◆ What is expected: Look through the entries below and count the lines with the word "cadre" in them; give only the number.

[Stored data]
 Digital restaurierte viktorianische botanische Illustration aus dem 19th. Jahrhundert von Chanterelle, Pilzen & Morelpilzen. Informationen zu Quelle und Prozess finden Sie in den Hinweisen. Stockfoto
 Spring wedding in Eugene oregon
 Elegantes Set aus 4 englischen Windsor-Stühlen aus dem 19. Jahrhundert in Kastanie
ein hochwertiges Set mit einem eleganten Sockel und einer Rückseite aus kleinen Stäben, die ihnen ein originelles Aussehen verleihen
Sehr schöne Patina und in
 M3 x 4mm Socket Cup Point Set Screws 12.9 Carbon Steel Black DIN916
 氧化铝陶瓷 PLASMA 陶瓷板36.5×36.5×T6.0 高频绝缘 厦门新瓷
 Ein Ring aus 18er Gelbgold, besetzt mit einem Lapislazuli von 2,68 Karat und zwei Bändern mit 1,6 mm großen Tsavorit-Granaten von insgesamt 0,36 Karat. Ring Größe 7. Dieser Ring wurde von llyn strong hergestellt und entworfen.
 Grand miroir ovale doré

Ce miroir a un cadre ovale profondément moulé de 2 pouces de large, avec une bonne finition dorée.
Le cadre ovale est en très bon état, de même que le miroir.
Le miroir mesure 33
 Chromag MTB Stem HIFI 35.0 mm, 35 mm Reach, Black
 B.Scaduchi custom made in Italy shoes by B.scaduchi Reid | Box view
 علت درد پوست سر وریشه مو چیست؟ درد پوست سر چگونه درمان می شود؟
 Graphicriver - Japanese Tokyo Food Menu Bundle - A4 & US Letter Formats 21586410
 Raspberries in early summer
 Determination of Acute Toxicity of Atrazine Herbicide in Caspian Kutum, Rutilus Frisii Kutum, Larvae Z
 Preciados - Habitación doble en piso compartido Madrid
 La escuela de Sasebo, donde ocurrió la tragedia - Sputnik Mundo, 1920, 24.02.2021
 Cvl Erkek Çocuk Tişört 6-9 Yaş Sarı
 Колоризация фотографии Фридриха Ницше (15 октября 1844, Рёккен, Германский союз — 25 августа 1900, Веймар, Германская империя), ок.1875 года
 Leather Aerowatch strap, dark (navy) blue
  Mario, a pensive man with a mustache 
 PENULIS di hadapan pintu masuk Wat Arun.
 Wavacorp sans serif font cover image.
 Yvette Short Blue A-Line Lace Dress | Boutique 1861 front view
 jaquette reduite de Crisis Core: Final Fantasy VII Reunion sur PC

◆ Response to the exercise: 2